Beans. Beans, such as kidneys, pintos, lentils, and red or black beans, make a great meat substitute. Try making black-bean “burgers,” pasta with lentil sauce (instead of meat sauce), or a ground-bean dip like hummus.
Dark green, leafy vegetables. A spinach salad makes a great addition to any meal. And for more variety, try some different greens in your salads. Also try adding kale or collard greens to soups, casserole dishes, rice, or even a smoothie.
Citrus fruits. We have so many fruits to choose from, but try to eat at least one citrus fruit each day.
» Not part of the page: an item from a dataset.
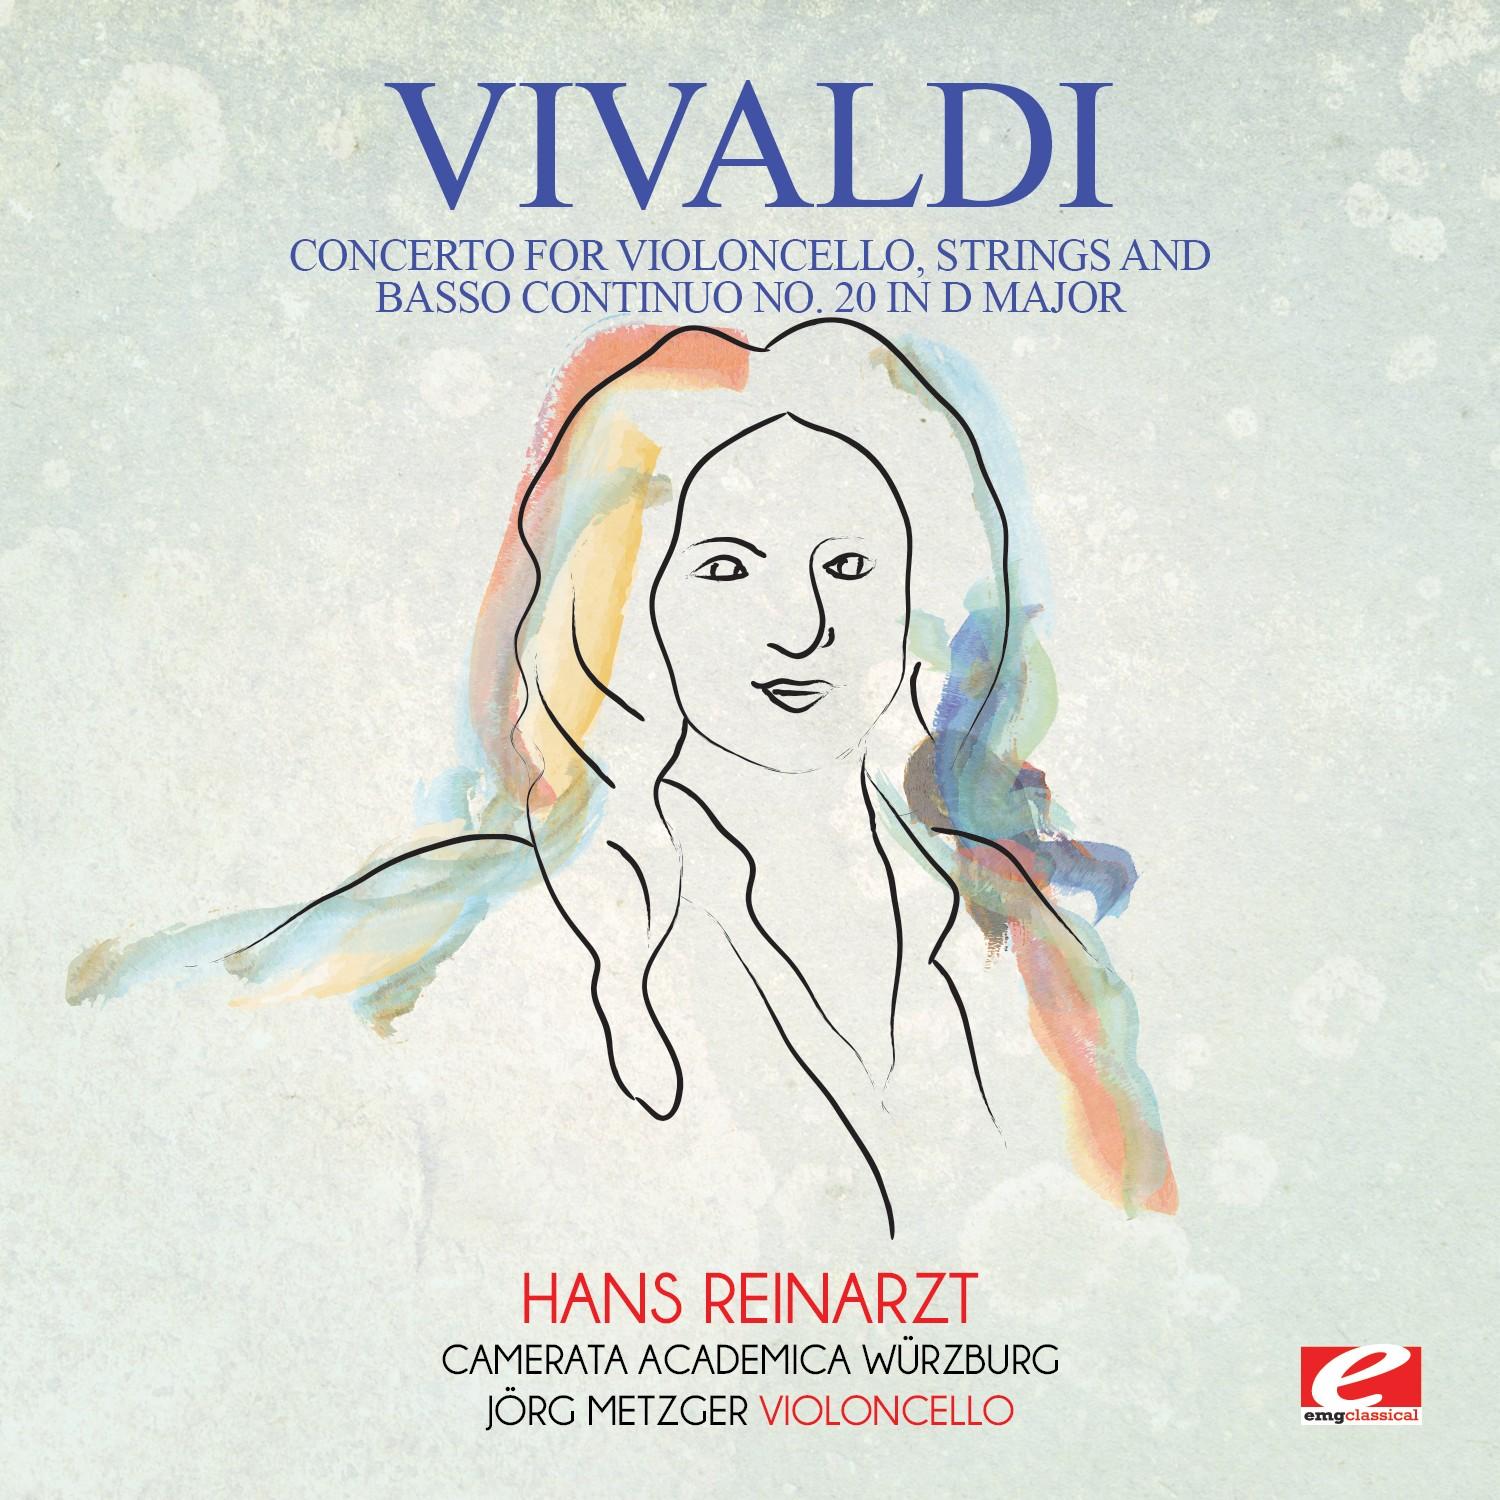 Concerto for Violoncello, Strings and Basso Continuo No. 20 in D Major: I. Allegro

Sweet potatoes. Sweet potatoes always make a good substitute for white potatoes because they have a lower glycemic index. Add sweet potatoes to meals, or mix mashed sweet potatoes into the goodies you bake. I even add mashed sweet potatoes to my kids oatmeal, waffles--and macaroni and cheese.
Berries. It’s so easy to add fresh or frozen berries to everything, from hot cereal to a salad. And of course, they make great snacks, too.
Tomatoes. Tomatoes are so versatile. I like to cook them up on the stove into homemade tomato sauce, which I then use with pasta and homemade pizzas. The second ingredient in most store-bought pasta sauces is high-fructose corn syrup, so make your own and avoid the extra carbs and calories. ]
Fish high in omega-3 fatty acids. Salmon, mackerel, lake trout, herring, sardines, and albacore tuna are all fatty fish that are high in omega-3 fatty acids. Omega-3 fatty acids can help you lower triglycerides and increase HDL (good cholesterol)--2 substances found in the bloodstream whose levels are often out of balance in people with diabetes.
Whole grains. The first step to getting more whole grains into your diet is to trade out any baked goods made from white flour and exchange them for whole-wheat foods. If you've already done that, start to think about using more unprocessed, whole grains such as barley, wild rice, rolled oats, quinoa, and bulgur.
Nuts. These make a great snack because they're low in carbs and high in protein and healthy fats. Nuts, however, are not a low-calorie food, so watch portion sizes. Think about eating 1 ounce of nuts; then read the food label to determine how many nuts make up an ounce.
Fat-free milk and yogurt. Milk and yogurt make great snacks, too. And be sure to try Greek yogurt, which provides significantly more protein. Both Greek and American yogurts contain probiotics, which are good for the health of our digestive systems.